The other argument that n^3+3n = integer does not necessarily mean n is an integer , may require some more examples.

for example n^3+3n = 1 solving these we get n = 0.32( approx) but on putting n = 0.32 in eqn n^3+3n we do not get 1. if n = 0.32 then n^3+3n = 0.992768 ( not an integer)

Is there an exact non integer value of n so that on putting the value of n is the equation n^3+3n we get an integer?

I went with A on this one.

The reason you don't get exactly 1 is because you do not plug exact value of n.
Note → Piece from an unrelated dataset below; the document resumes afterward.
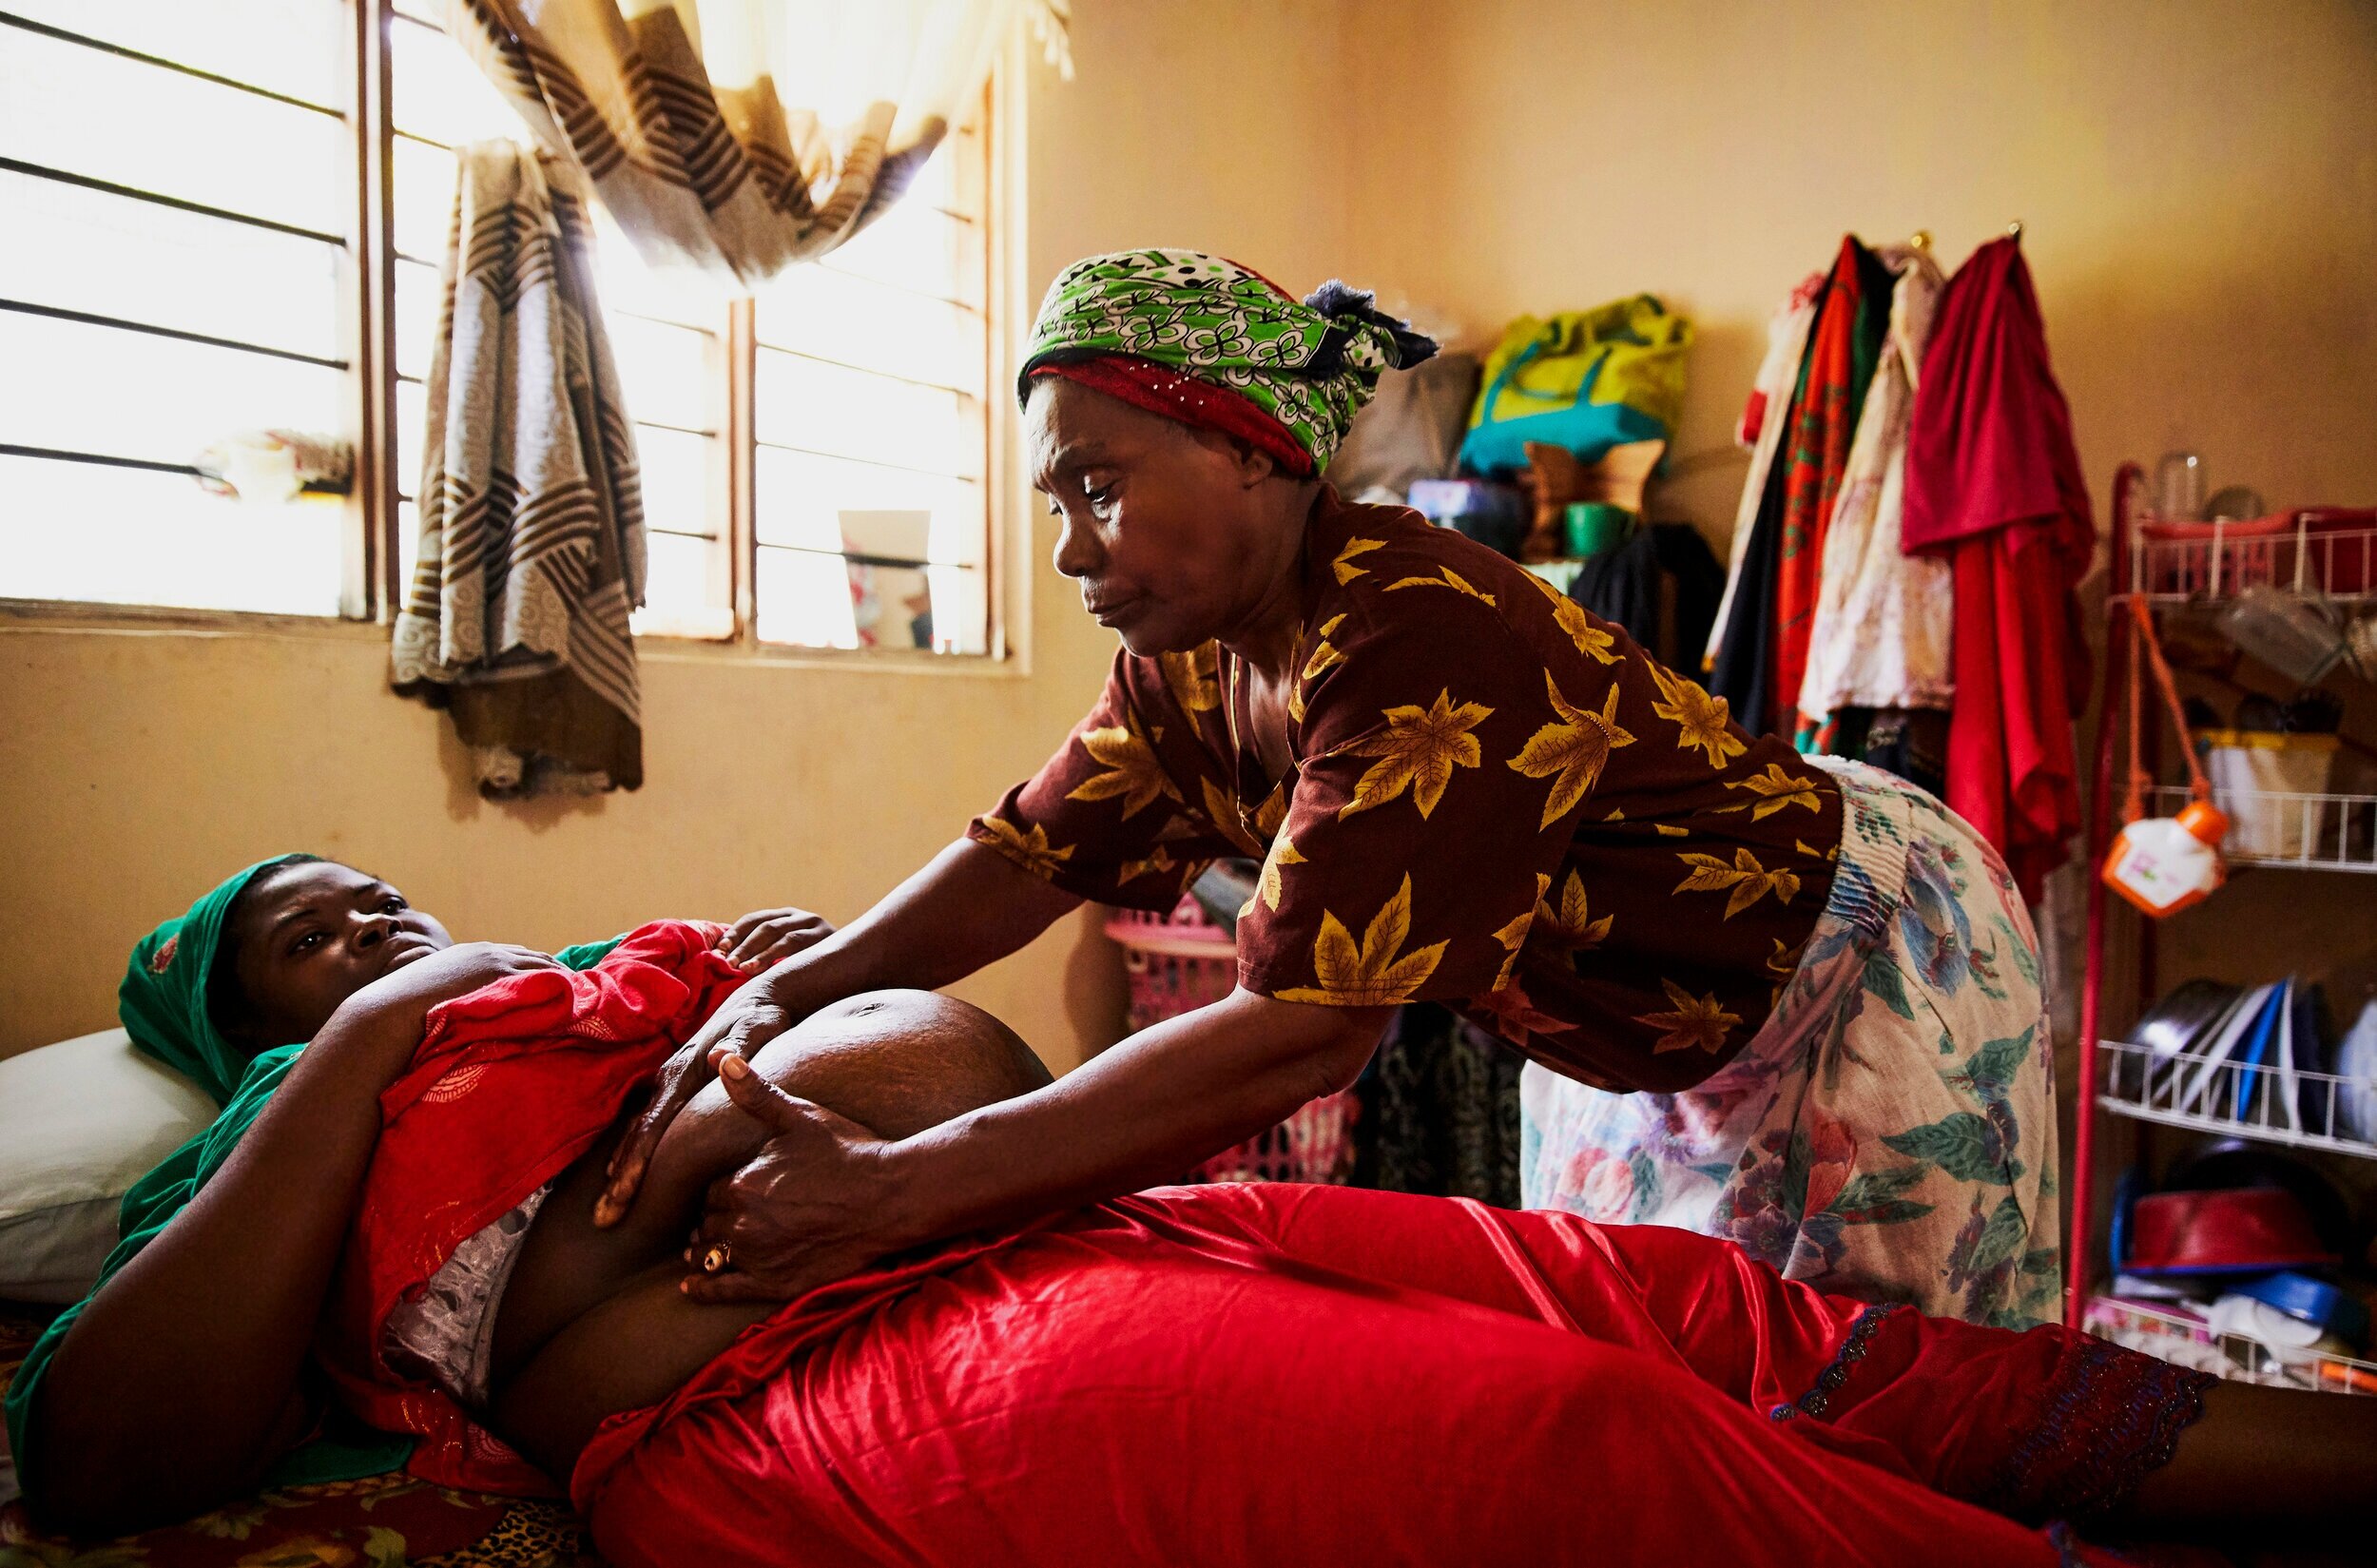  Traditional healer, Mwanahija Mzee, massages pregnant patient, Maryam Juma, 29. This is Maryam’s 5th pregnancy though 3 miscarried and 1 was stillborn, so she has no living children. Both she and the healer believe the reason she hasn’t been able to

The exact solution of n for n^3+3n = 1 is \(n = \sqrt[3]{\frac{1}{2} (1+\sqrt5)}-\sqrt[3]{\frac{2}{1+\sqrt5}}\)
Show more

Solving the above expression

Based on how you calculate it I got n = 0.322185354 and another values as n= 0.322185355

putting the first value of n in n^3+3n we get n^3+3n = 0.999999998 still not equal to 1

putting the second value of n in n^3+3n we get 1.000000001 still not equal to 1

Using a scientific calculator I tried to get to the bottom of the matter.But no matter how hard I try I cannot get a non integer value of n which leads to integer value of the expression n^3+3n.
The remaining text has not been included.